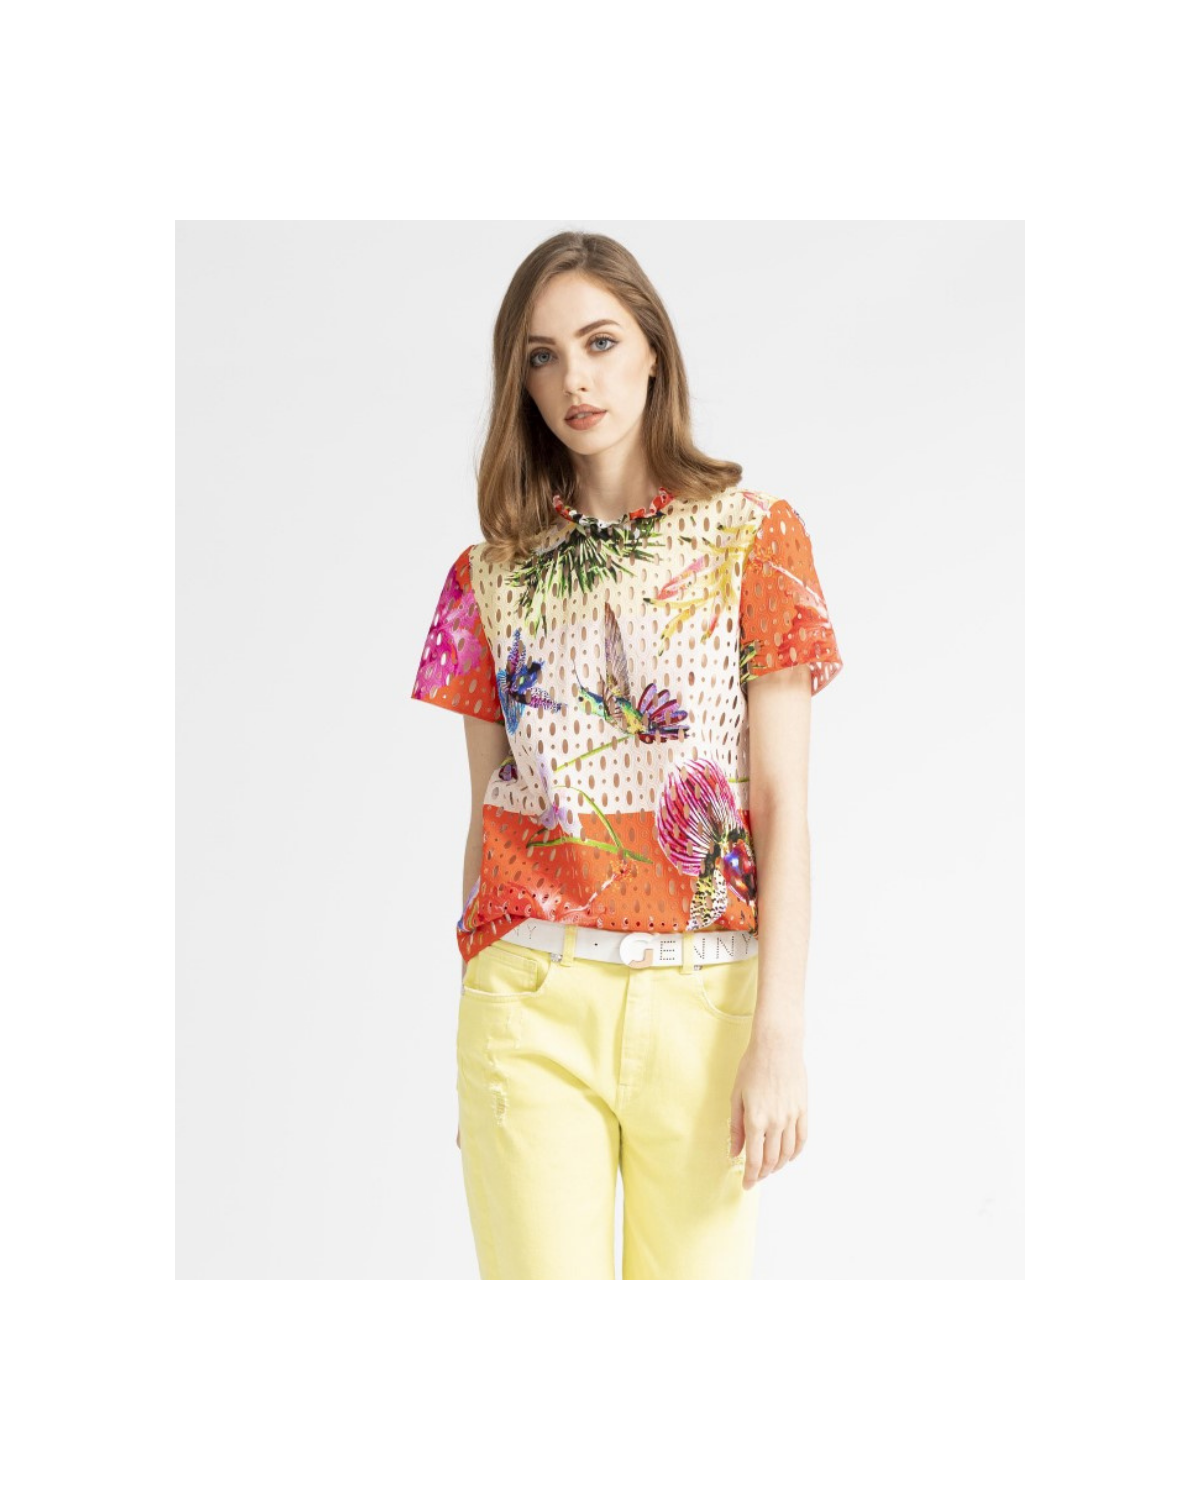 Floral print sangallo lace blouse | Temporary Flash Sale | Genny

· · ·

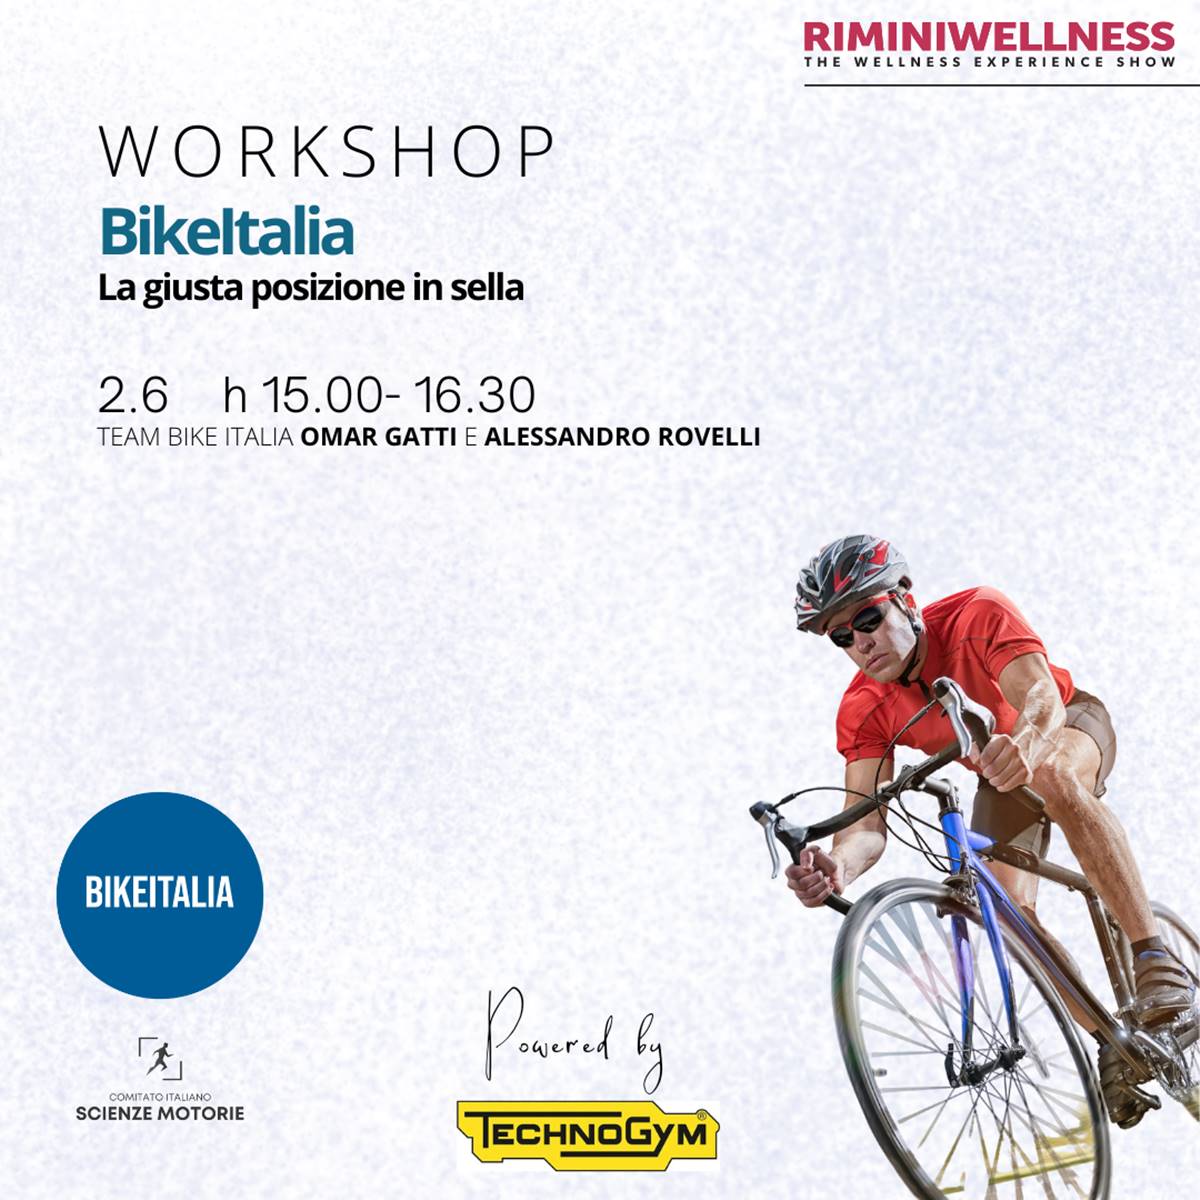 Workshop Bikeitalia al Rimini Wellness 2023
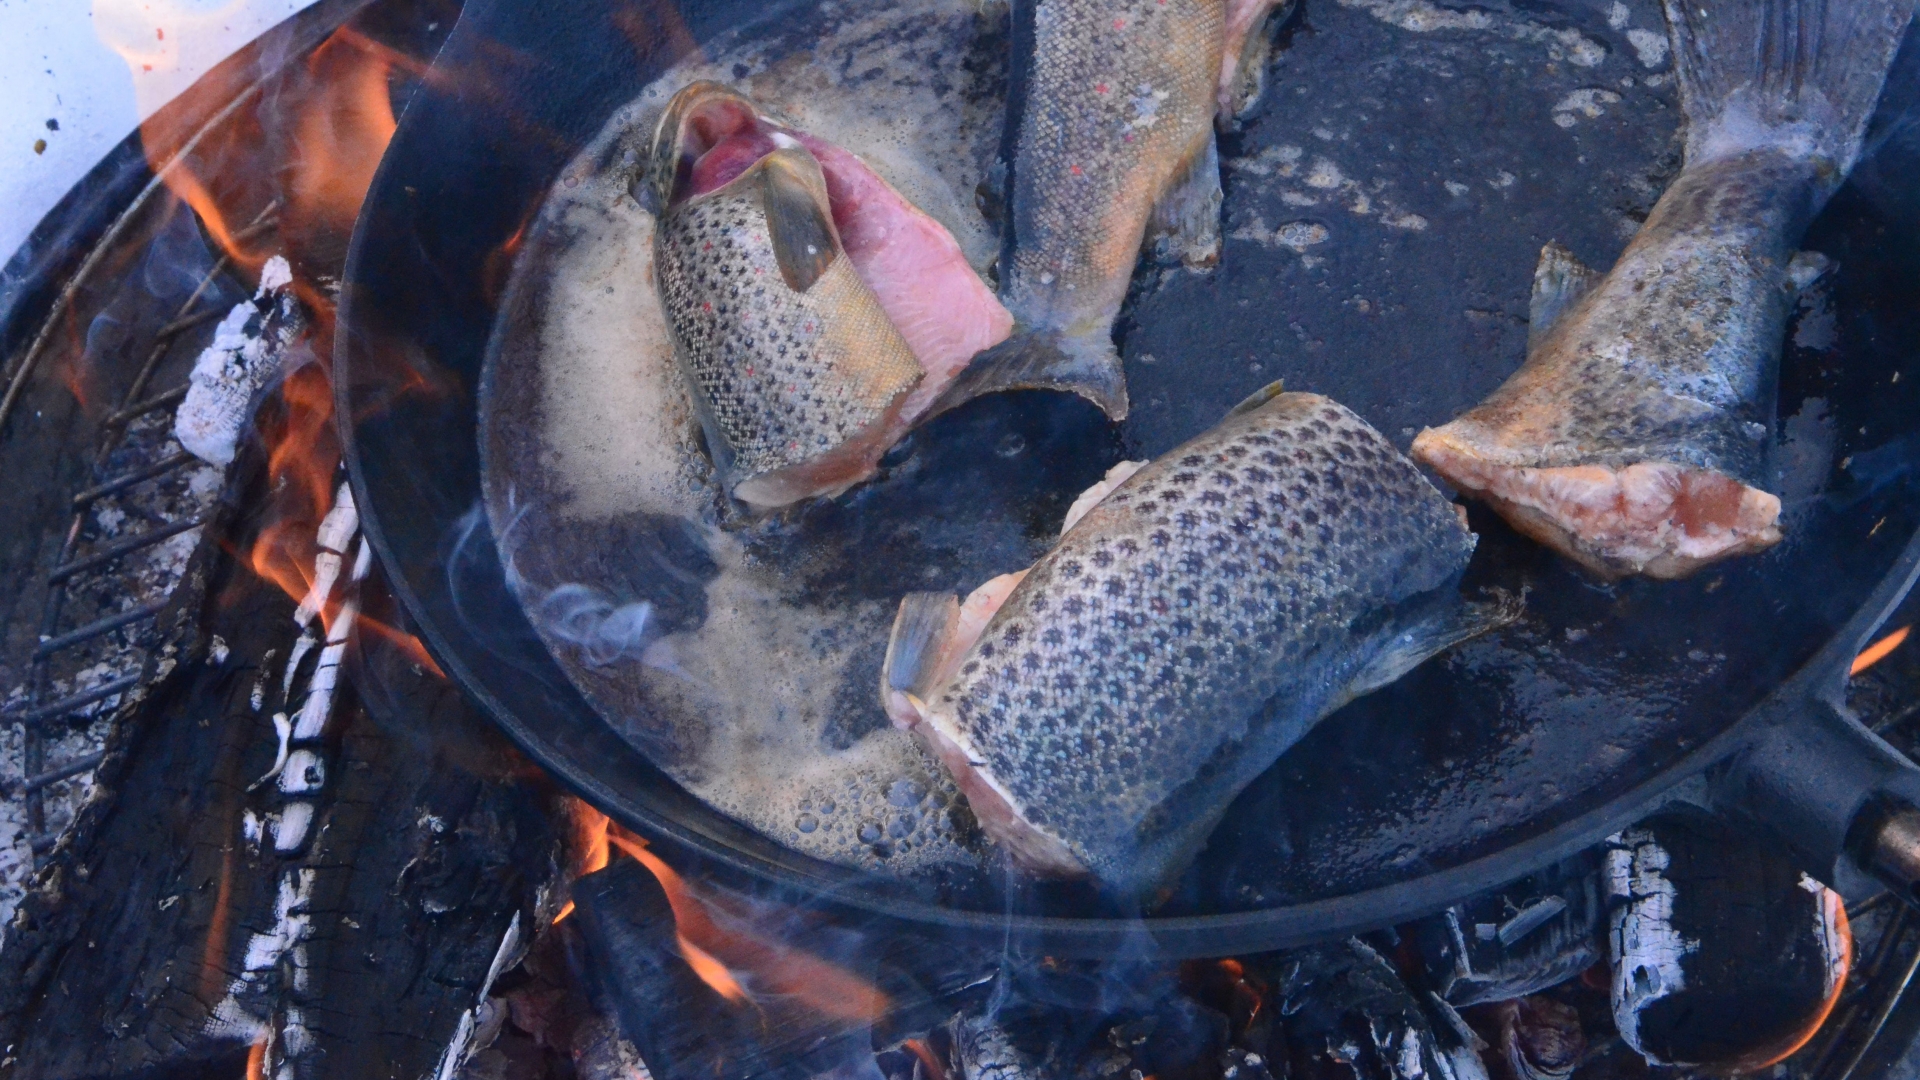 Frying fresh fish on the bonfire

· · ·

_WHAT TO WORK ON_
Output only the lines above from the one containing "Workshop Bikeitalia al Rimini Wellness 2023" to the one containing "Frying fresh fish on the bonfire", both included, exactly as written and with no pictures.

_ANSWER TO THIS EXERCISE_
 Workshop Bikeitalia al Rimini Wellness 2023
 Frying fresh fish on the bonfire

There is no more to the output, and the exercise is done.